For this exercise, restate word for word only the lines from the one containing "Lone Star Spanking Party" through the last line below. Pictures do not get copied.

§ **Stored data**
####################

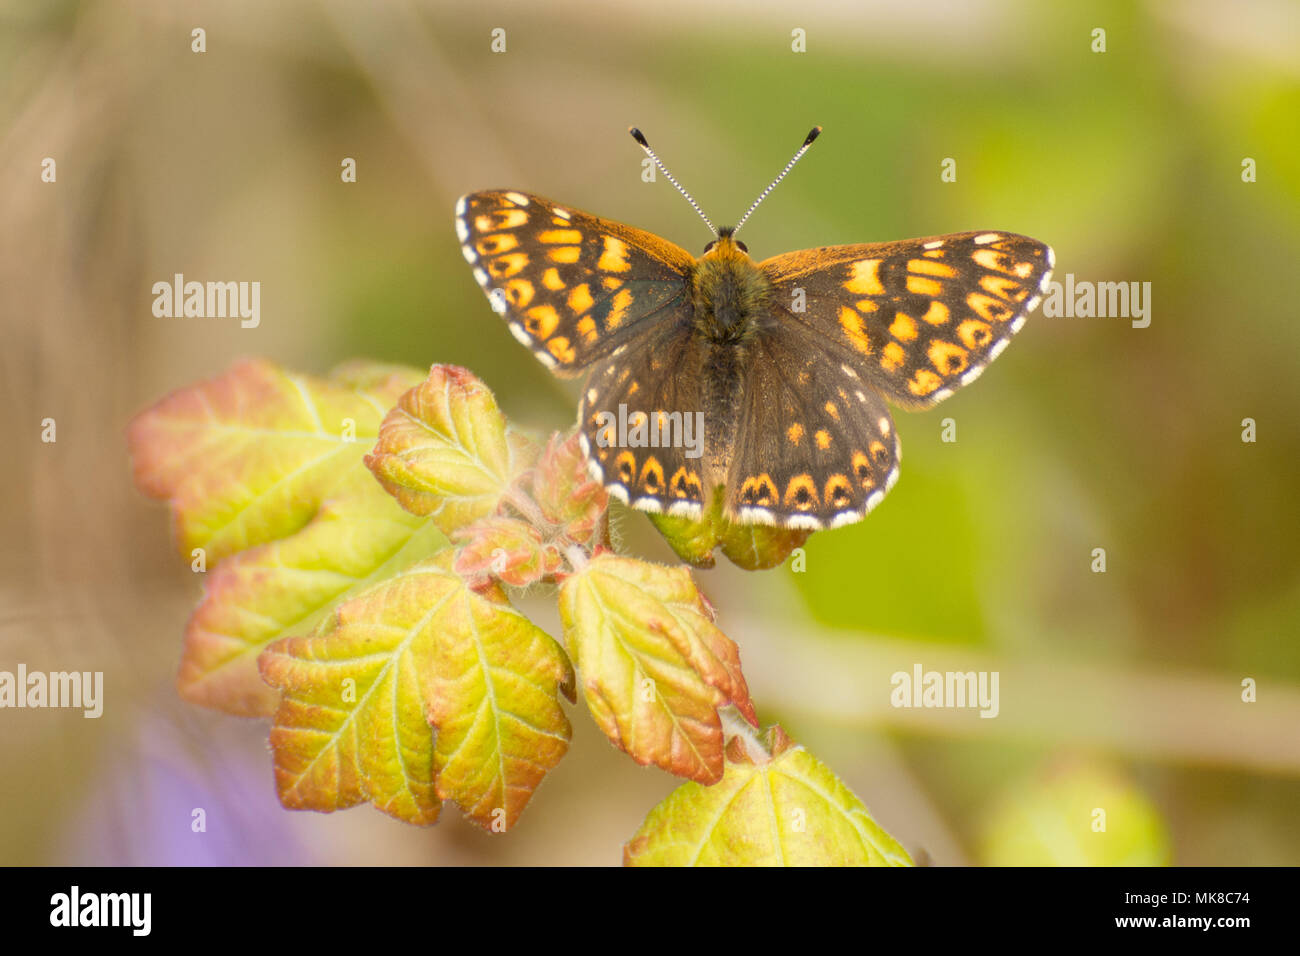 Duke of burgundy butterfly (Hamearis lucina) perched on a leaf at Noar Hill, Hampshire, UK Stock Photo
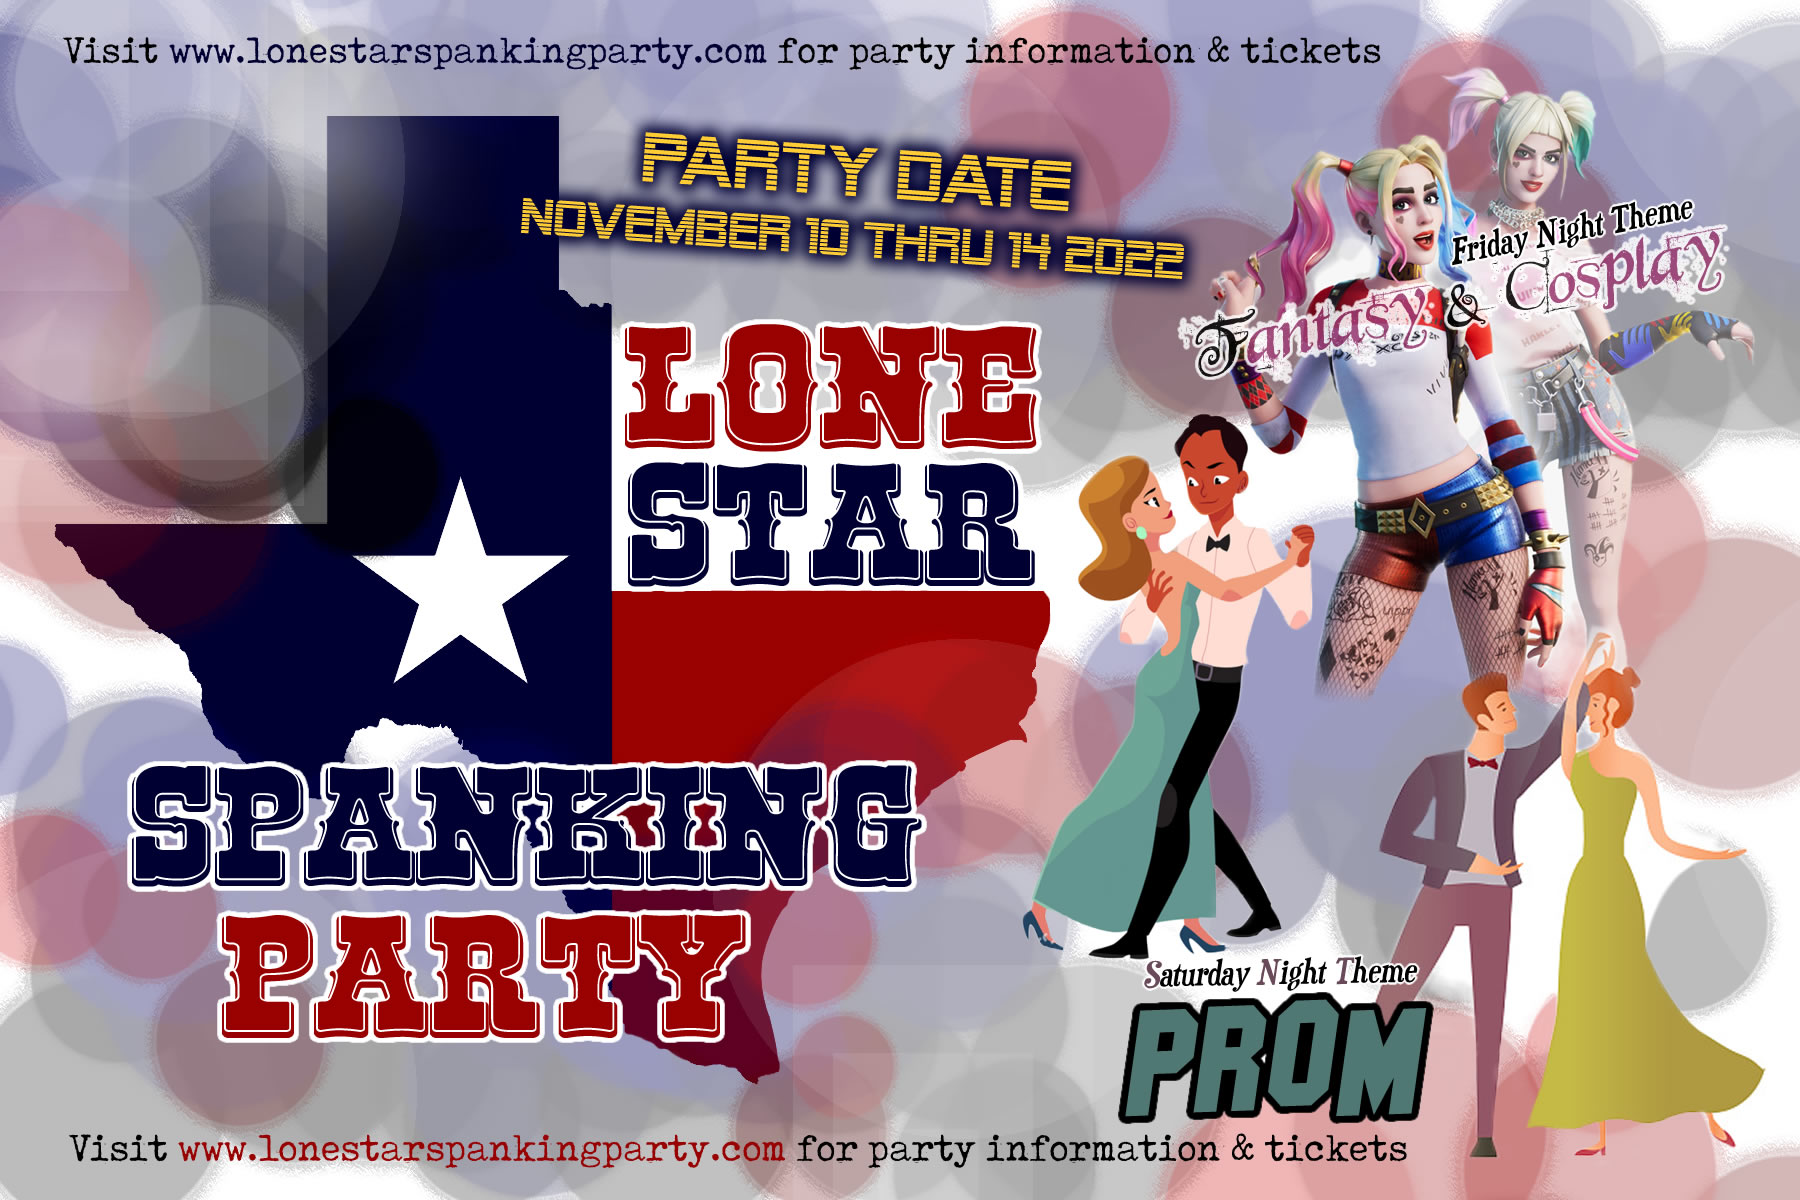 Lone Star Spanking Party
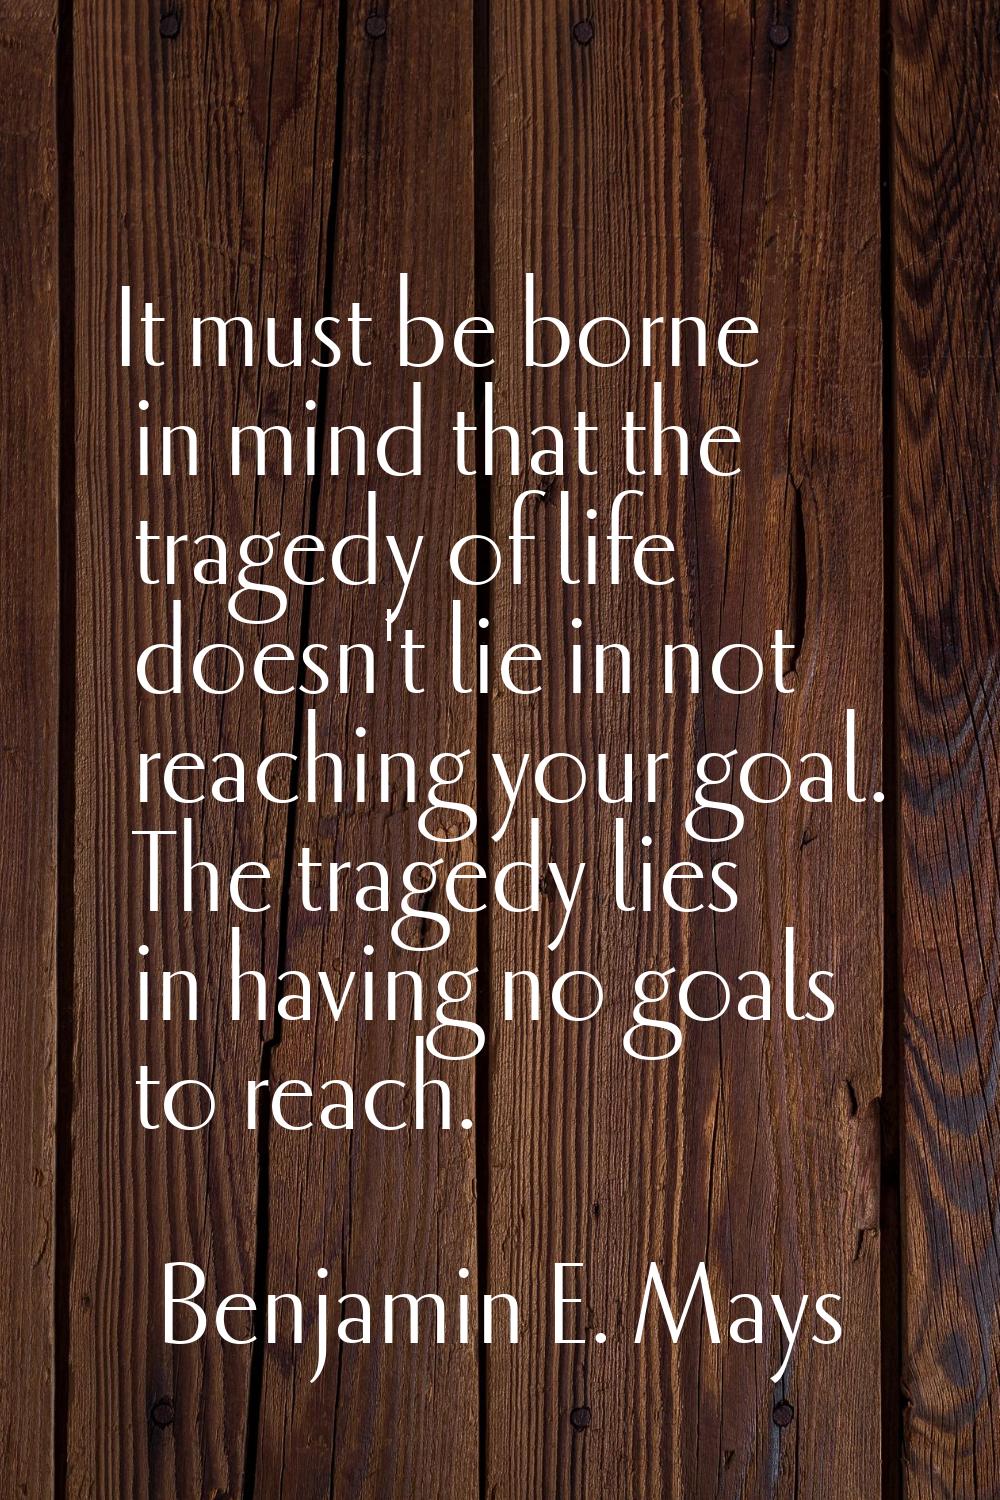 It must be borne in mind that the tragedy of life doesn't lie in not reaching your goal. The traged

####################

§ **Answer**
 Lone Star Spanking Party
 It must be borne in mind that the tragedy of life doesn't lie in not reaching your goal. The traged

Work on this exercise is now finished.